*INSTRUCTIONS FOR THE TASK*
Transcribe the data underneath exactly. No images belong in your version.
Top of PROVIDED DATA
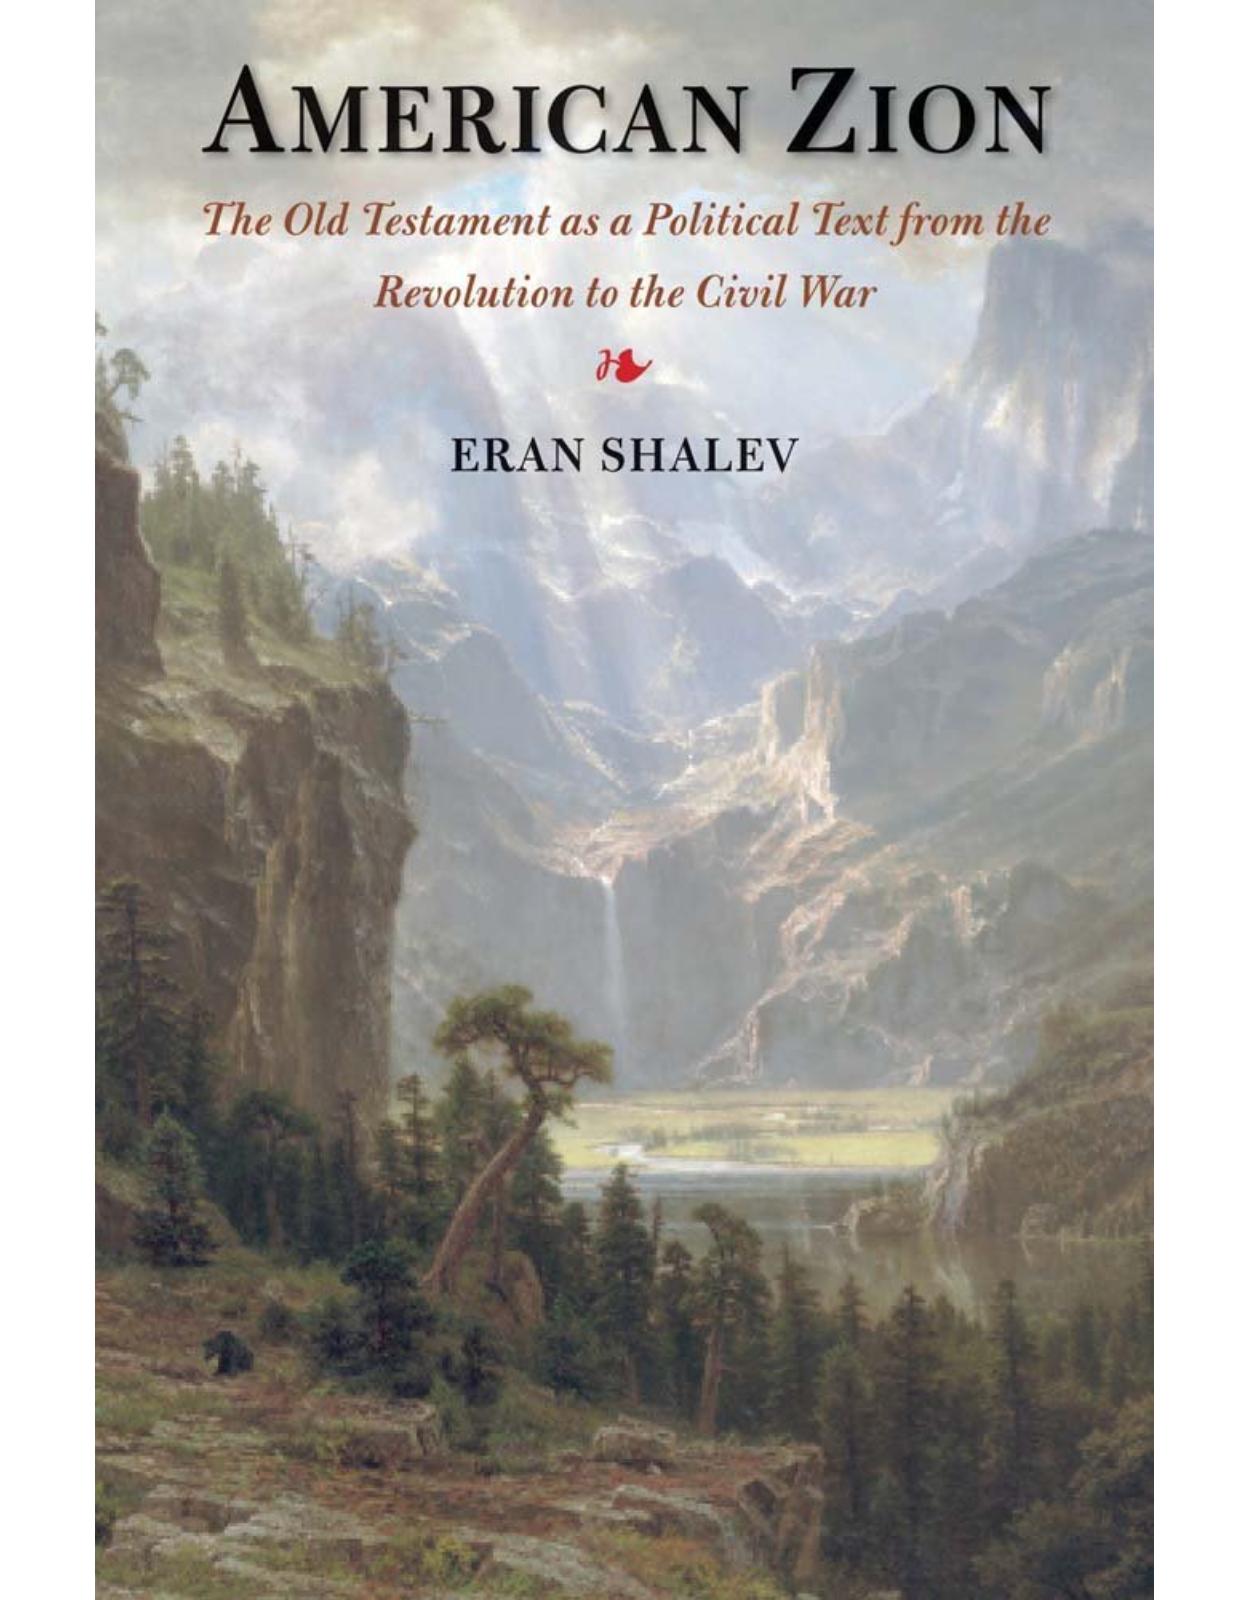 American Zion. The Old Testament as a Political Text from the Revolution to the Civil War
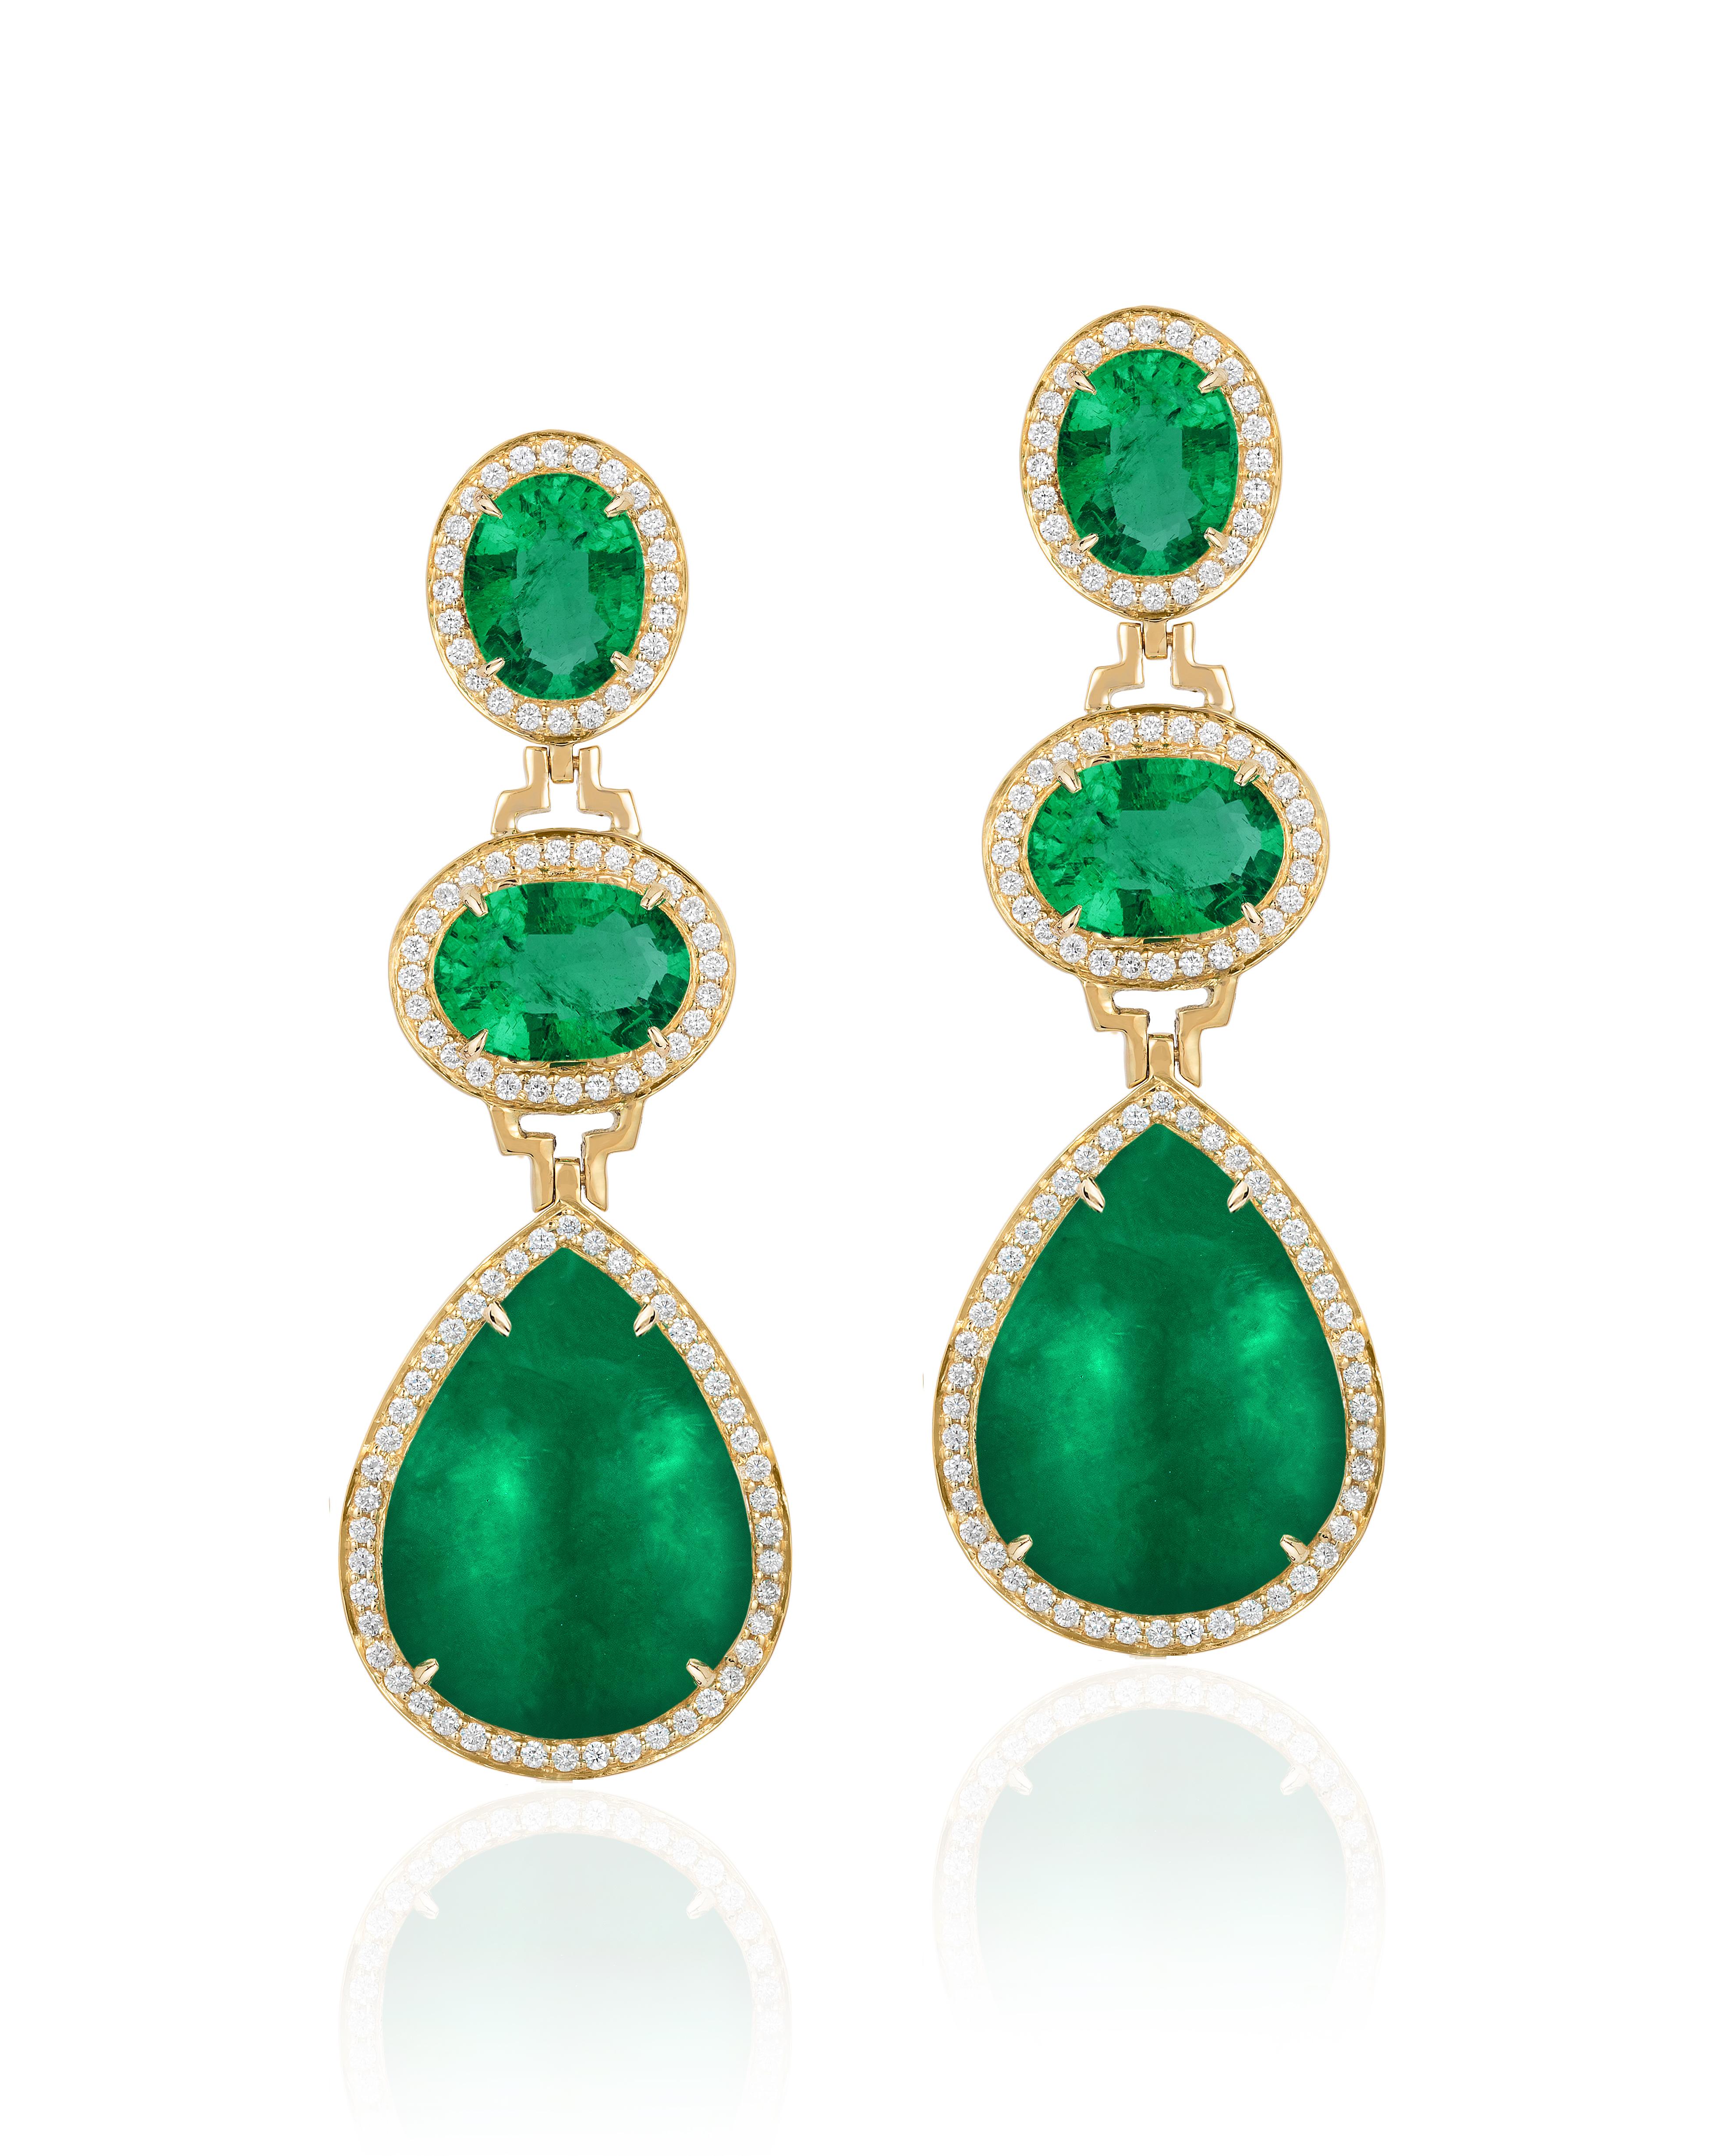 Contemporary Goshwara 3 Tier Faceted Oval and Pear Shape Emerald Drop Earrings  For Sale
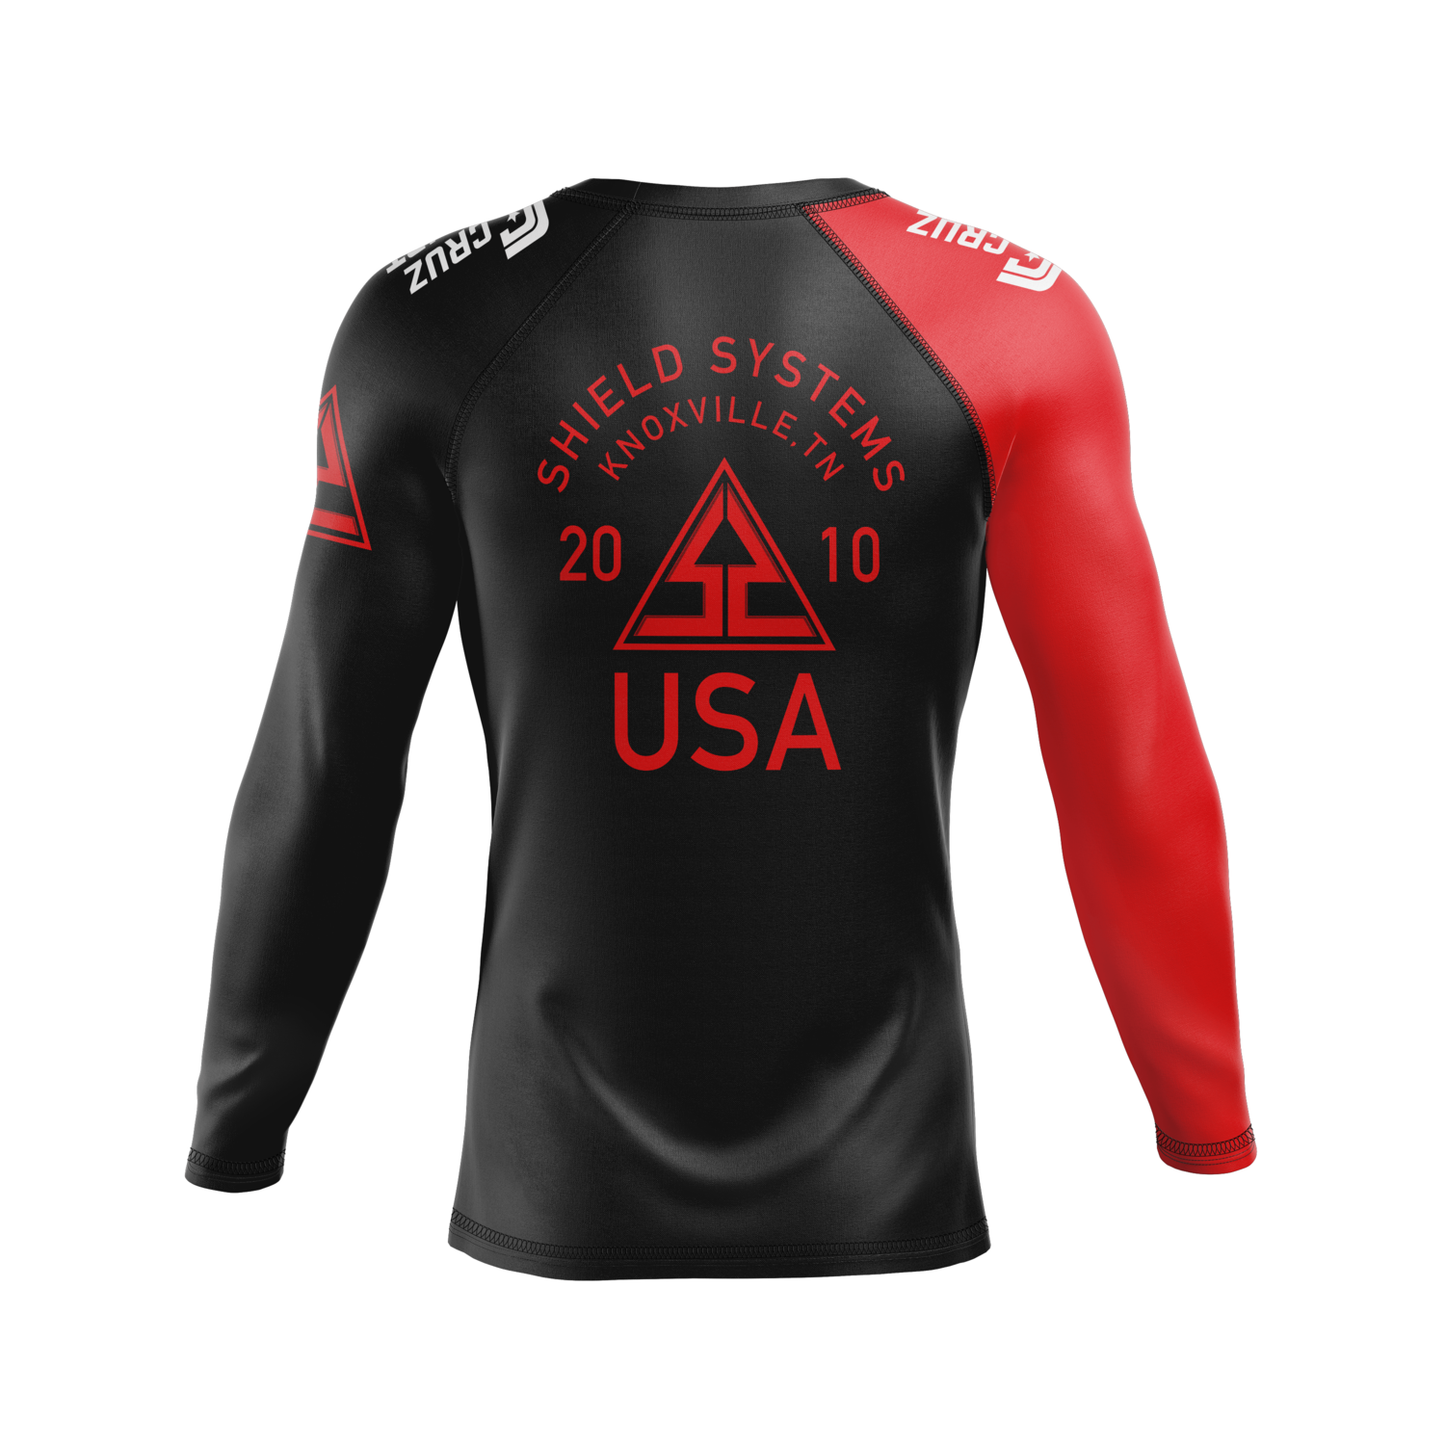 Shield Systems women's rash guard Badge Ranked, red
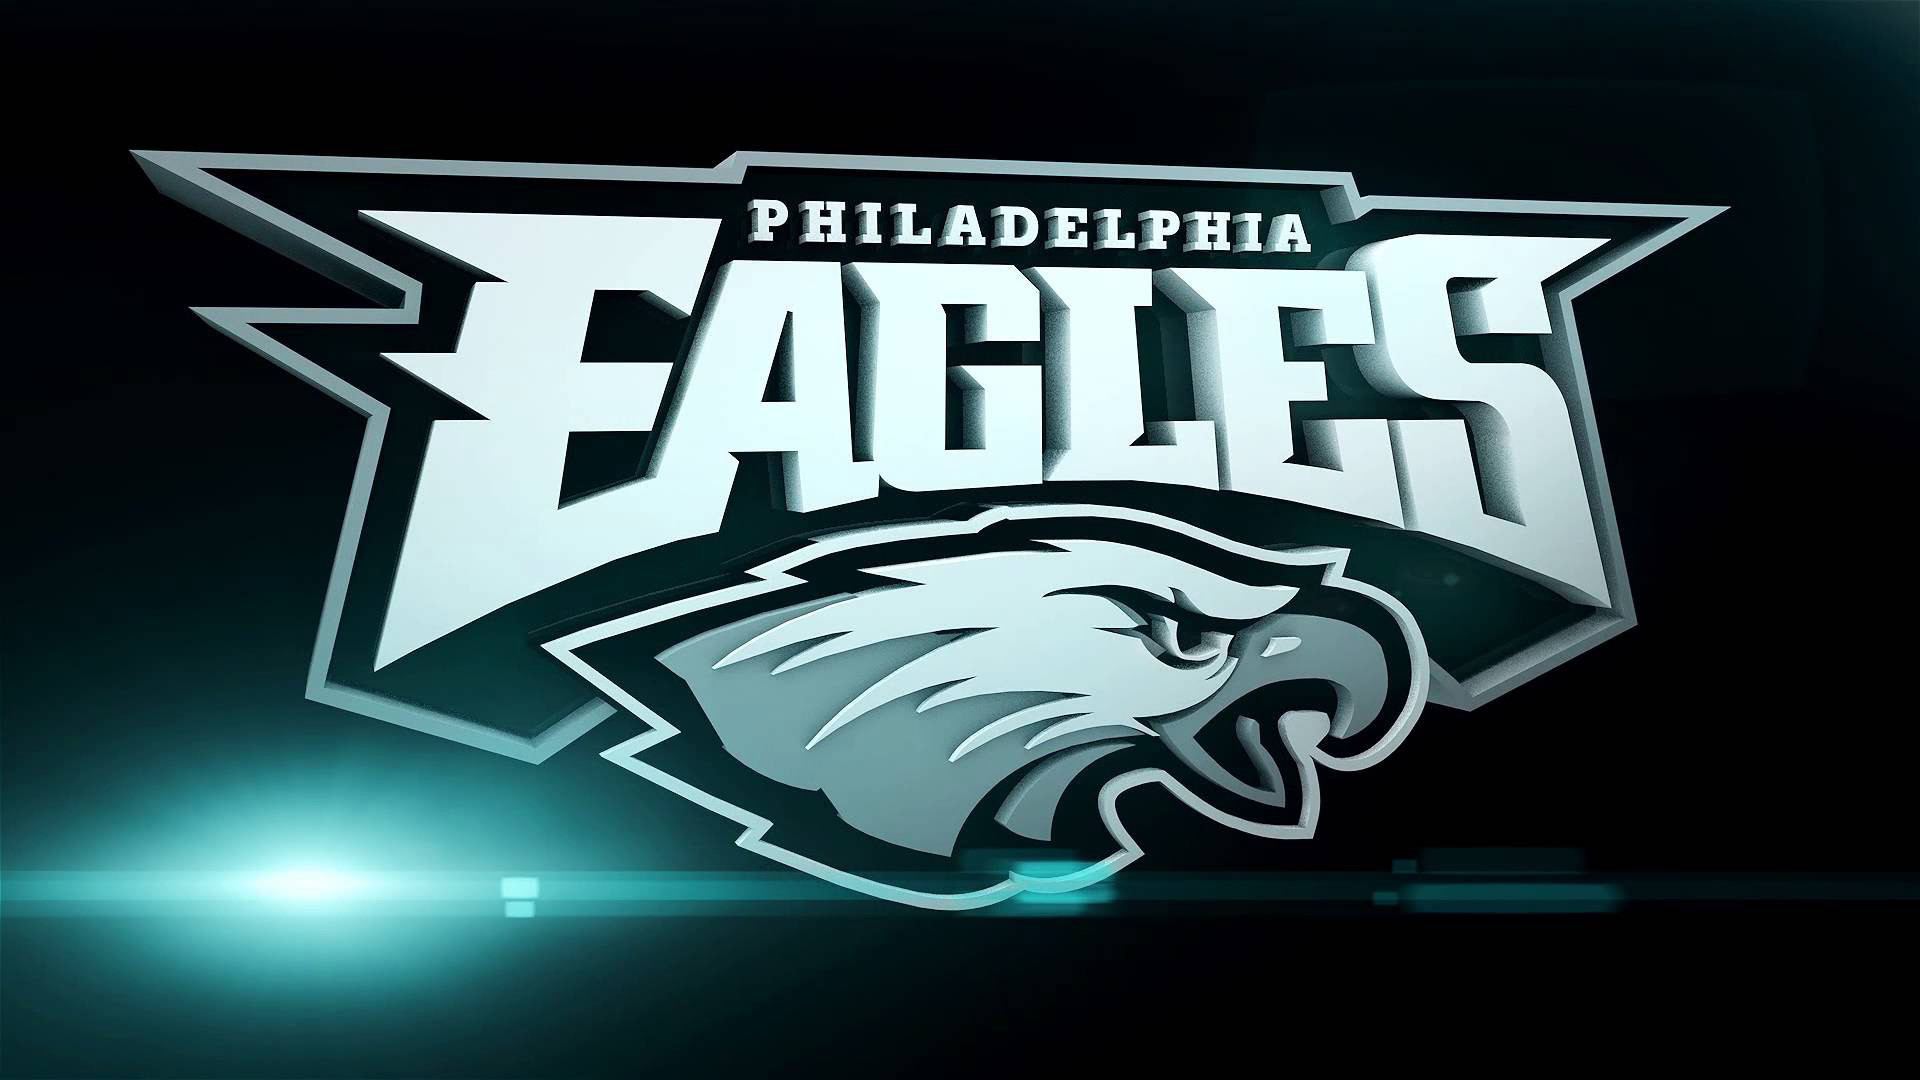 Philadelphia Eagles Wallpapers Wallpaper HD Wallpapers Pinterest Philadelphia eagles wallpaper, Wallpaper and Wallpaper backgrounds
Bottom of PROVIDED DATA
*RESULT FOR THIS TASK*
 American Zion. The Old Testament as a Political Text from the Revolution to the Civil War
 Contemporary Goshwara 3 Tier Faceted Oval and Pear Shape Emerald Drop Earrings  For Sale
 Shield Systems women's rash guard Badge Ranked, red
 Philadelphia Eagles Wallpapers Wallpaper HD Wallpapers Pinterest Philadelphia eagles wallpaper, Wallpaper and Wallpaper backgrounds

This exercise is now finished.